All Apps and Add-ons

What could be causing intermittent "NetFlowDecoder::decodeFlow Unable to decode flow set data. No template with id" messages

Explorer

Hello,

I recently set up splunk stream to receive netflow v9 data from a few sources. Everything seems to be working fine so far, but every so often I'll start getting these messages in my streamfwd log, which will last few several minutes and then go away again, only to return several minutes later.

2017-09-12 15:48:49 WARN  [140371258496768] (NetflowManager/NetflowDecoder.cpp:1112) stream.NetflowReceiver - NetFlowDecoder::decodeFlow Unable to decode flow set data. No template with id 259 received for observation domain id 768 from device x.x.x.x . Dropping flow data set of size 56
2017-09-12 15:48:50 WARN  [140371258496768] (NetflowManager/NetflowDecoder.cpp:1112) stream.NetflowReceiver - NetFlowDecoder::decodeFlow Unable to decode flow set data.
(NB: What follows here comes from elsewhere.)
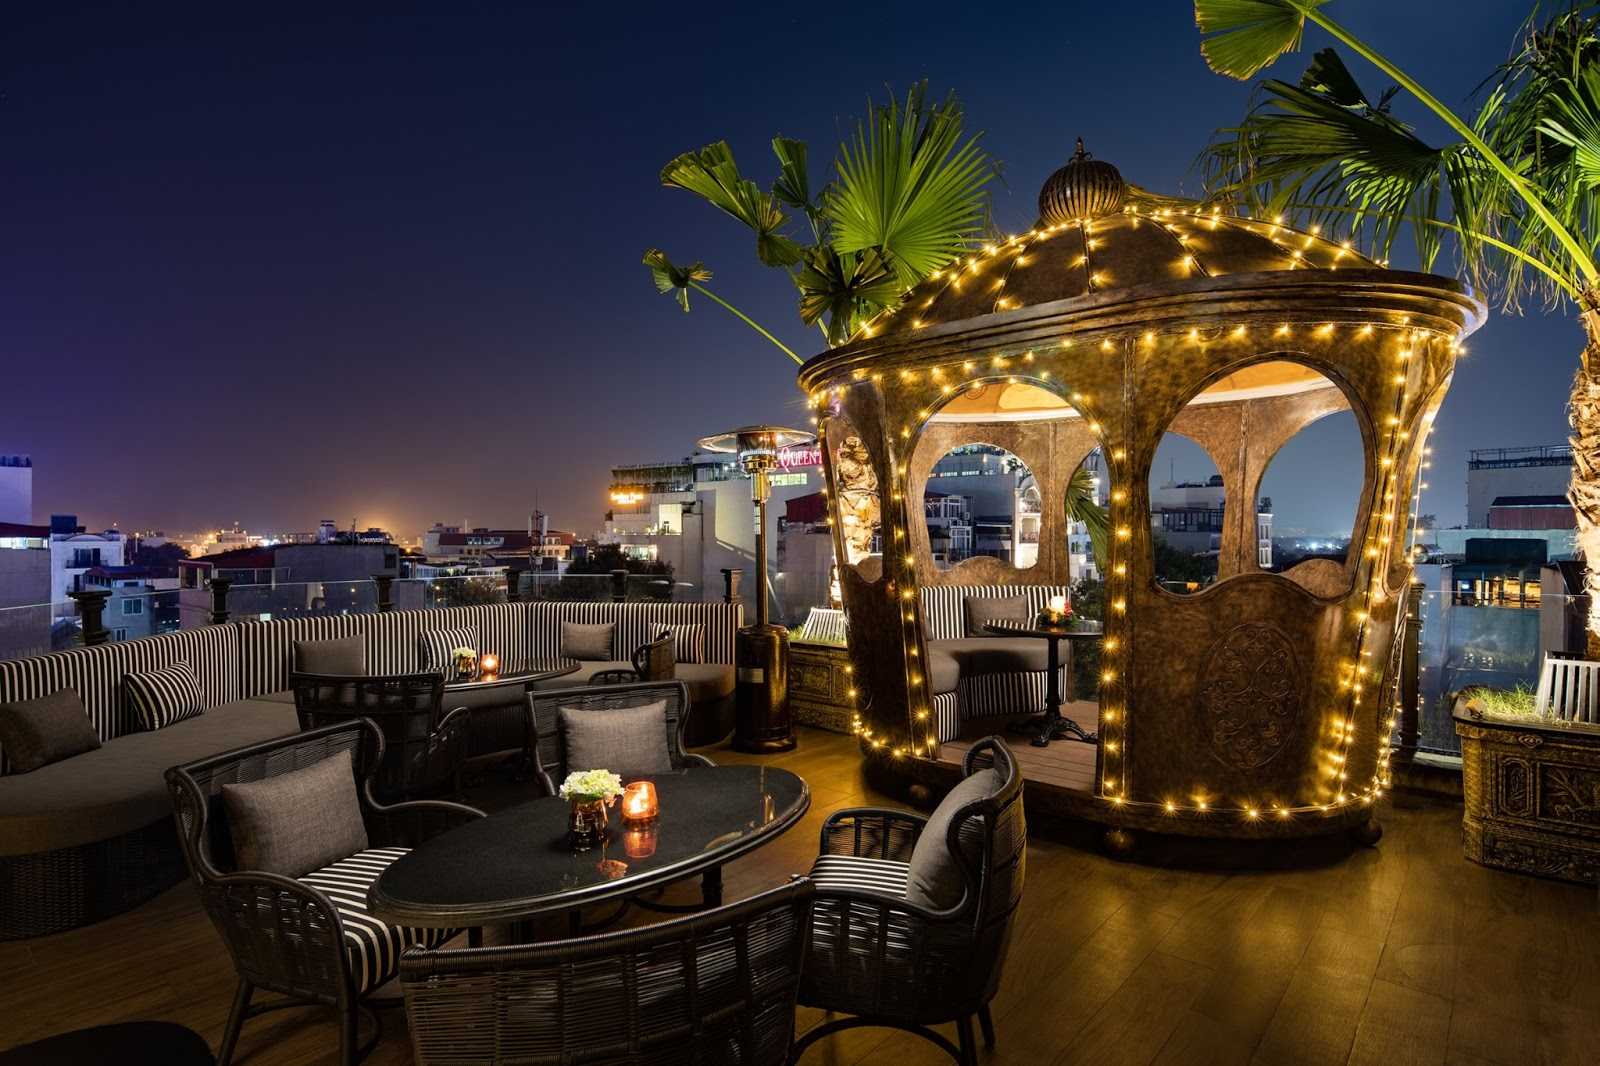 hanoi rooftop bars - terraco sky bar crown decor

No template with id 259 received for observation domain id 768 from device x.x.x.x . Dropping flow data set of size 212
2017-09-12 15:48:51 WARN  [140371258496768] (NetflowManager/NetflowDecoder.cpp:1112) stream.NetflowReceiver - NetFlowDecoder::decodeFlow Unable to decode flow set data. No template with id 259 received for observation domain id 768 from device x.x.x.x . Dropping flow data set of size 160
2017-09-12 15:48:54 WARN  [140371258496768] (NetflowManager/NetflowDecoder.cpp:1112) stream.NetflowReceiver - NetFlowDecoder::decodeFlow Unable to decode flow set data. No template with id 259 received for observation domain id 768 from device x.x.x.x . Dropping flow data set of size 372
2017-09-12 15:48:57 WARN  [140371258496768] (NetflowManager/NetflowDecoder.cpp:1112) stream.NetflowReceiver - NetFlowDecoder::decodeFlow Unable to decode flow set data. No template with id 259 received for observation domain id 768 from device x.x.x.x . Dropping flow data set of size 108

What could be causing these messages to intermittently appear like that? I thought that this could be due to a netflow template not being sent (cisco devices are sending the netflow data), but I don't think that this is the case since this only happens intermittently.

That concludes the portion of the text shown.